I see.. that works because of the definition of lcm : \[\mathrm{lcm(m,n)} = \prod_{i=1}^r p_i^{\mathrm{max}\{m_i,n_i\}}\]

Answer 36

without loss of generality
\(\Large n=\prod p_i^{k_i}\\m=\prod p_j^{g_j}\\ \Large gcd(n,m)=\prod p_i^{|k_i-q_j|} \\ \Large gcd(gcd(n,m),x,y)=1 \)

Answer 37

yes thats even more neat xD

Answer 38

i have just removed gcd from your proof :)

Answer 39

i saw this proof once but never wrote it again ,i guess it was using max notation as well xD

Answer 40

fixed typo :

consider prime factorization of \(m\) and \(n\) :
\(\large m = p_1^{m_1}p_2^{m_2} \cdots p_r^{m_r}\)

\(\large n = p_1^{n_1}p_2^{n_2} \cdots p_r^{n_r}\)

since \(m|c\) and \(n|c\), we have \(p_i^{\max\{m_i, n_i\}} ~\Big | ~c\) and consequently \(\mathrm{lcm}(m,n) | c\)
\(\blacksquare\)

Answer 41

nice

Answer 42

so, from my teacher, if m and n a relatively prime by chinese remainder, this is obvious.

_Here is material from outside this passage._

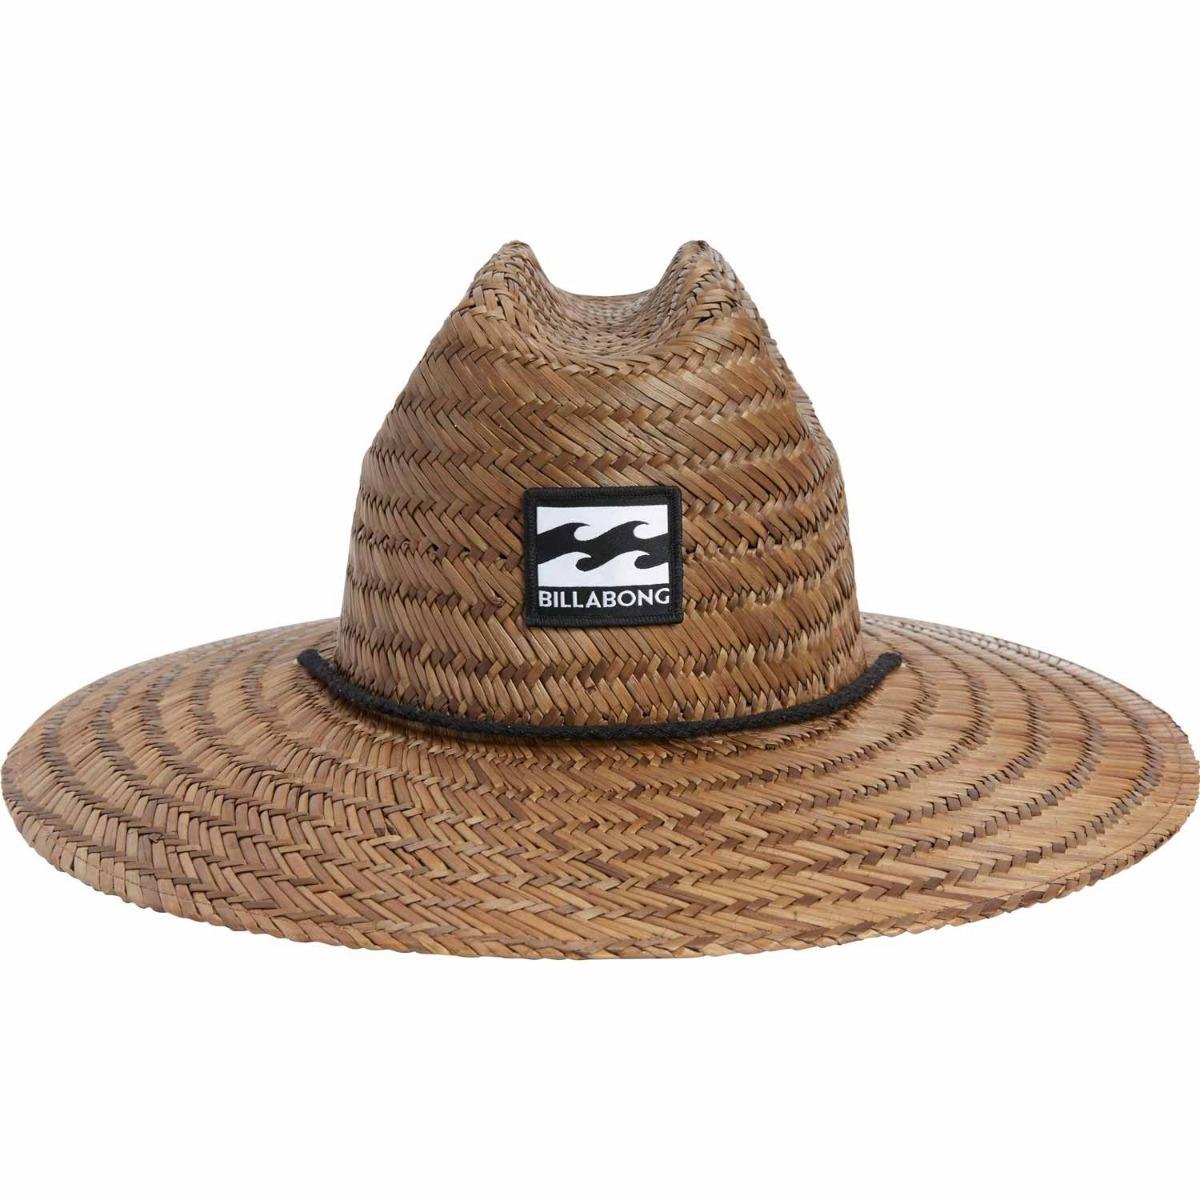 chapéu de palha billabong tides - escuro. Carregando zoom. 6f432fab9fb

The issue(which he hasn't solved yet) is when they are not relatively prime

Answer 43

we attempted the prime factorization method of reducing but the issue was being rigorous

Answer 44

apply Chinese theorem for the least un common primes

Answer 45

then do some stuff

Answer 46

I do not understand what you mean there

Answer 47

idk lol :P

Answer 48

Ya see, I wanted to do the prime factorization then remove the common primes
but rigorously, was the issue

Answer 49

whats ur question anyway ?

Answer 50

this sentence makes no sense to me "apply Chinese theorem for the least un common primes "

Answer 51

sorry about that xD

Answer 52

which, is my confusion, but anyways, yea, so we need to determine how to break m and n down into their prime factorizations then determine a way to set up chinese remainder

Answer 53

interesting xD yeah chinese remainder thm requires moduli to be relative prime when taken in pairs. rigorous proof without using prime factorization looks very tricky

Answer 54

well, it gives us a two case proof, case 1 they're relatively prime, case2 they're not

Answer 55

im not getting any ideas atm, il wait for your proof fib :)

Answer 56

haha, my teacher didn't get it in the 20 minutes he looked at it. His intuition was to try and use the proof of the chinese remainder thm somehow

Answer 57

If \(a\equiv b\pmod m\) and \(a\equiv b\pmod n\) then below also holds :

\(a\equiv b\pmod{d}\) where \(d\) is any divisor of \(m\) or \(n\)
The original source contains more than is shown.